In "The Da Vince Code," the founders of the Church must have been the Keystone Kops of conspirators when it came to Mary Magdalene:

  • In John 20, 17-18, Jesus tells her to go tell the apostles that He is going to His Father
  • By the 8th century she had her own feast day had been established and was the most second most widely-revered saint of the Middle Ages (Mary held first place)
  • In Eastern Christianity one of her titles is "Apostle to the Apostles"

But that's real history, not the weird fictional world of "The Da Vinci Code." Even the actor who plays the Paris police detective Bezu Fache, Jean Reno, said that the novel's alternative history is "not the way it was in reality."
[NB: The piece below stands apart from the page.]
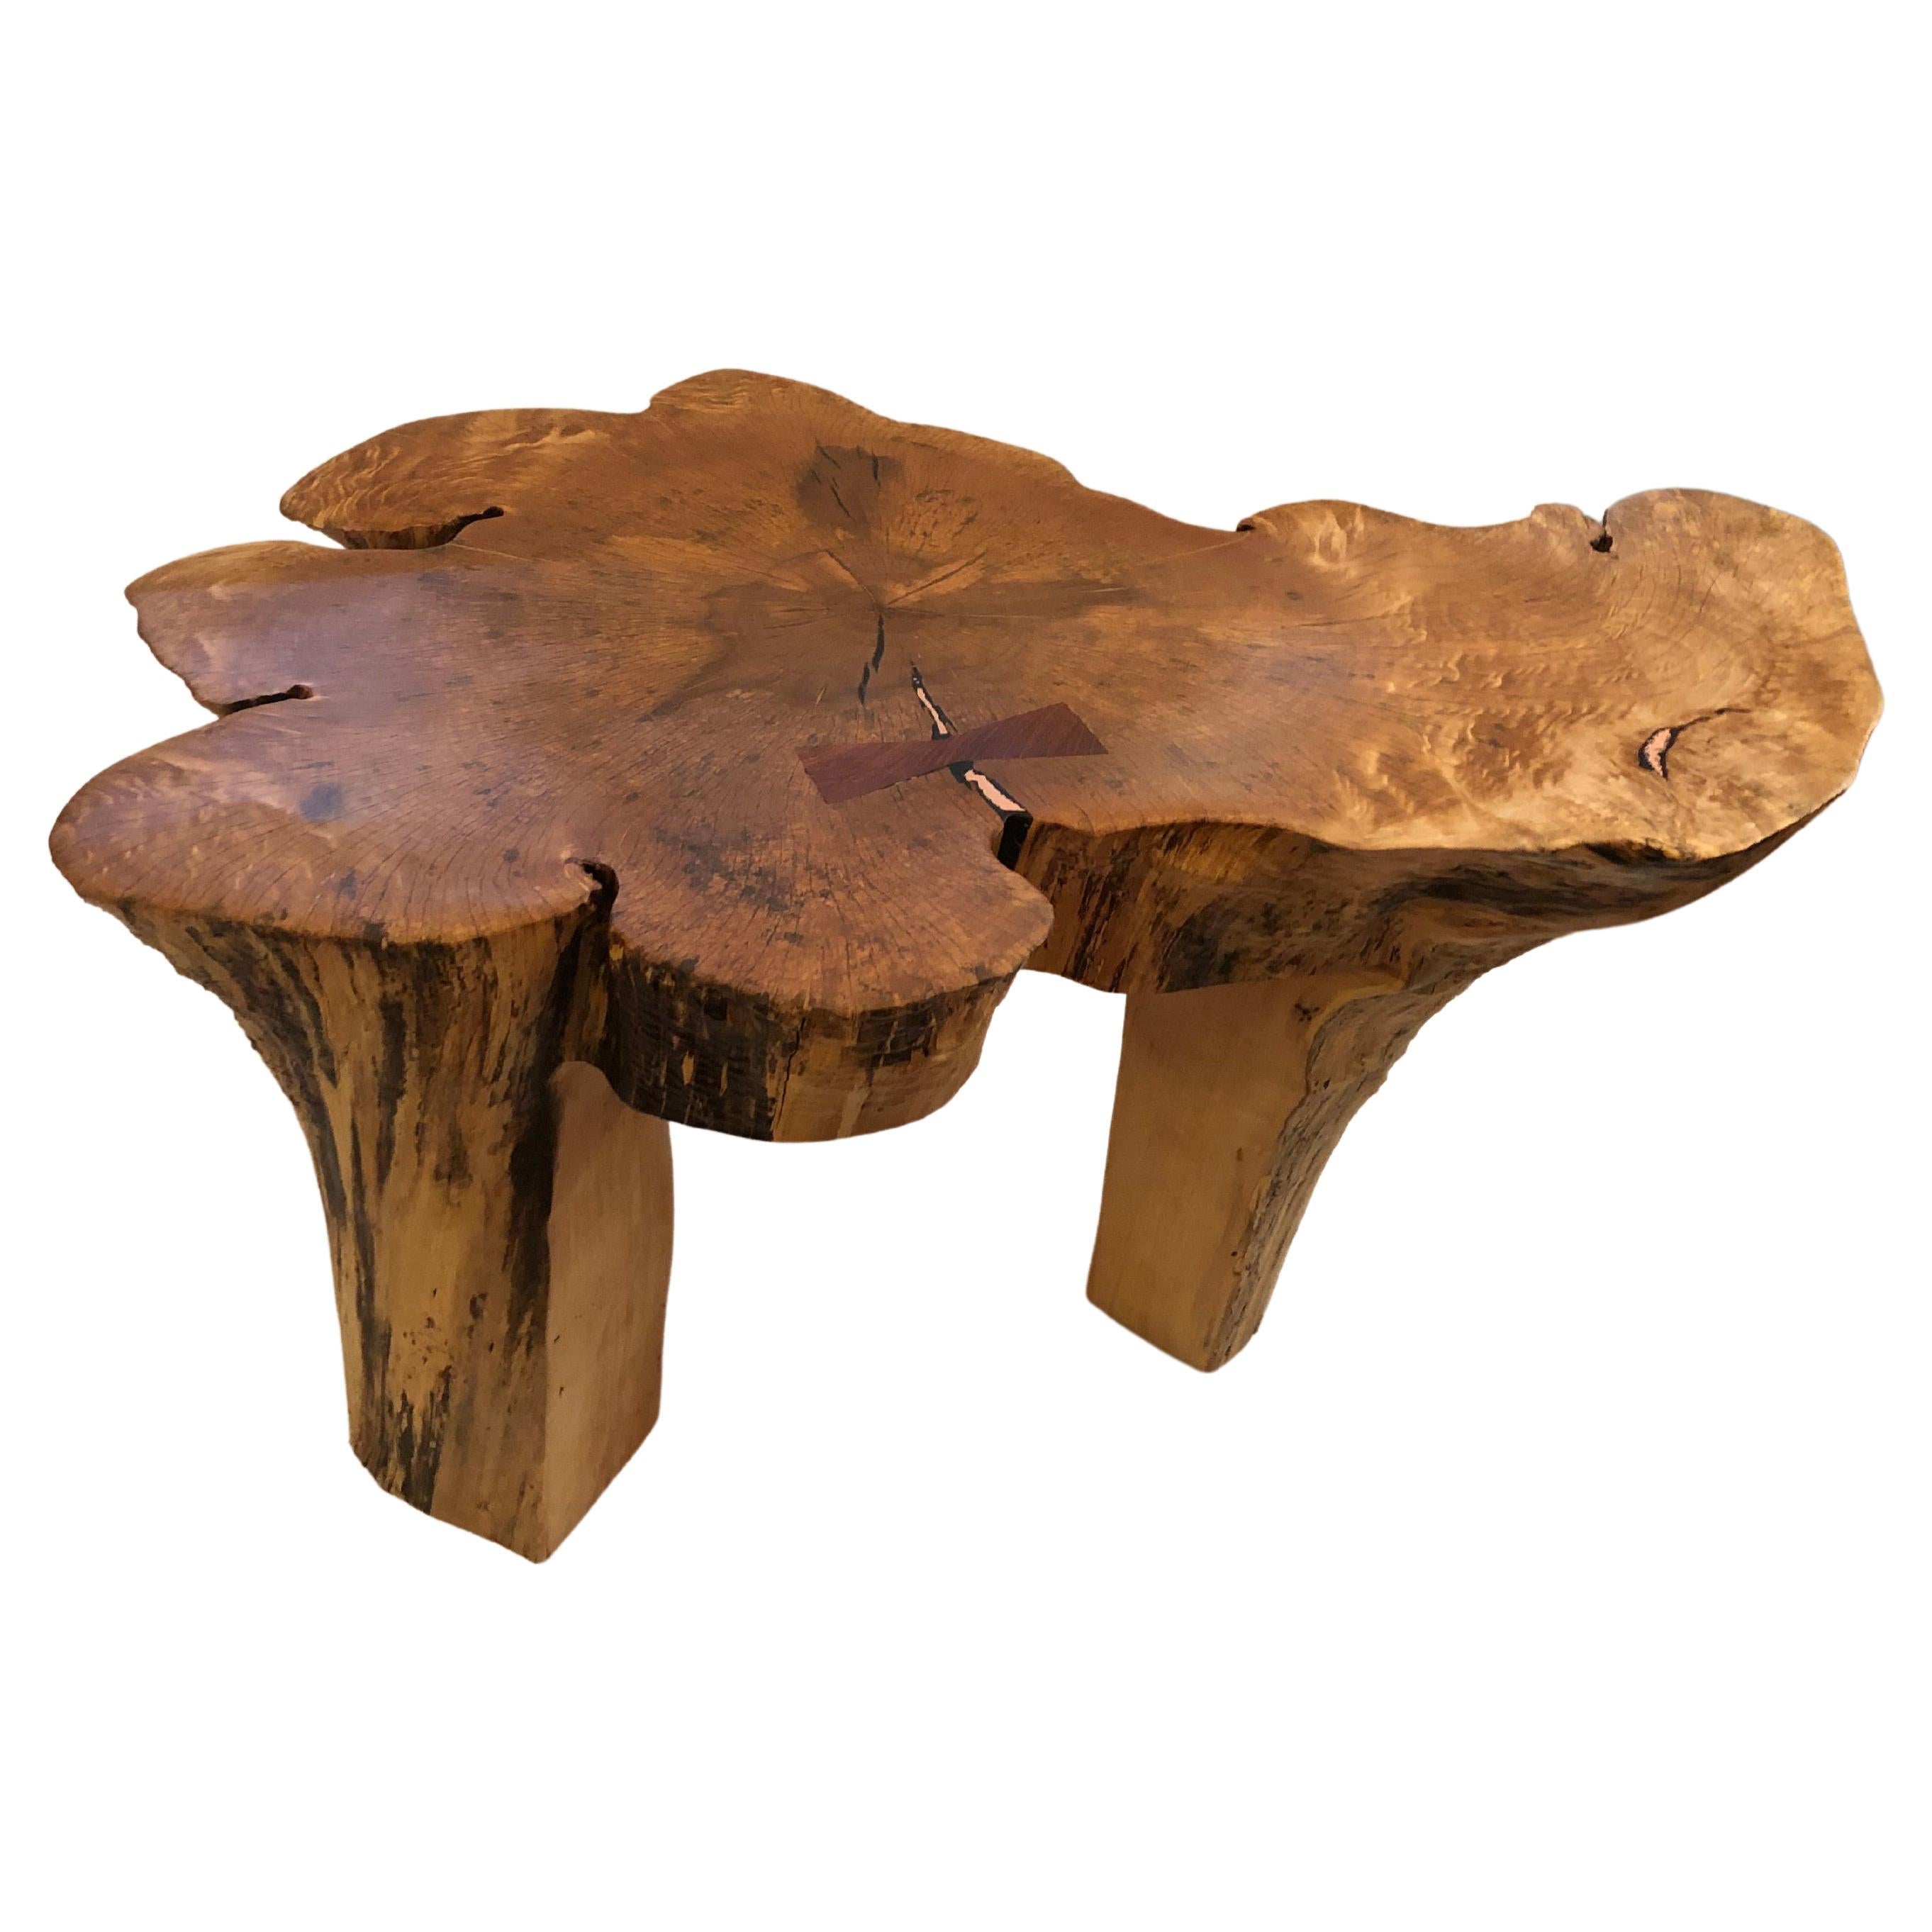 Une œuvre d'art réalisée à la main par John Braun, un travailleur du bois de NJ. Cette grande table basse organique moderne en forme d'amibe est fabriquée à partir de la base d'un érable récupéré dans le jardin de l'artiste. Ce long processus

People like the author of "De-coding Da Vinci,"Amy Welborn, know enough to recognize that "‘The Da Vinci Code. is a mess, a riot of laughable errors and serious misstatements. Almost every page has at least one of each." But, because "The Da Vinci Code" talks about "historical" events that never happened, it can be a real danger to people who don't have a very solid understanding of the Church's history and the Christian faith.

That's one of the reasons that Catholic leaders, including the former prefect of the Congregation for Divine Worship and the Discipline of the Sacraments, Cardinal Jorge Medina Estevez, want folks to stay away from the novel and movie. Cardinal Extevez said that Christians should not see "The Da Vinci Code," since the movie shows a "distorted, falsified and blasphemous image of Jesus Christ."

People, including an American priest of Opus Dei, John Wauck, and Monsignor Francis J. Maniscalco, got together to compare the weird world of "The DaVinci Code" with what has actually gone on for the last two thousand years. Their efforts are on the Web site www.jesusdecoded.com.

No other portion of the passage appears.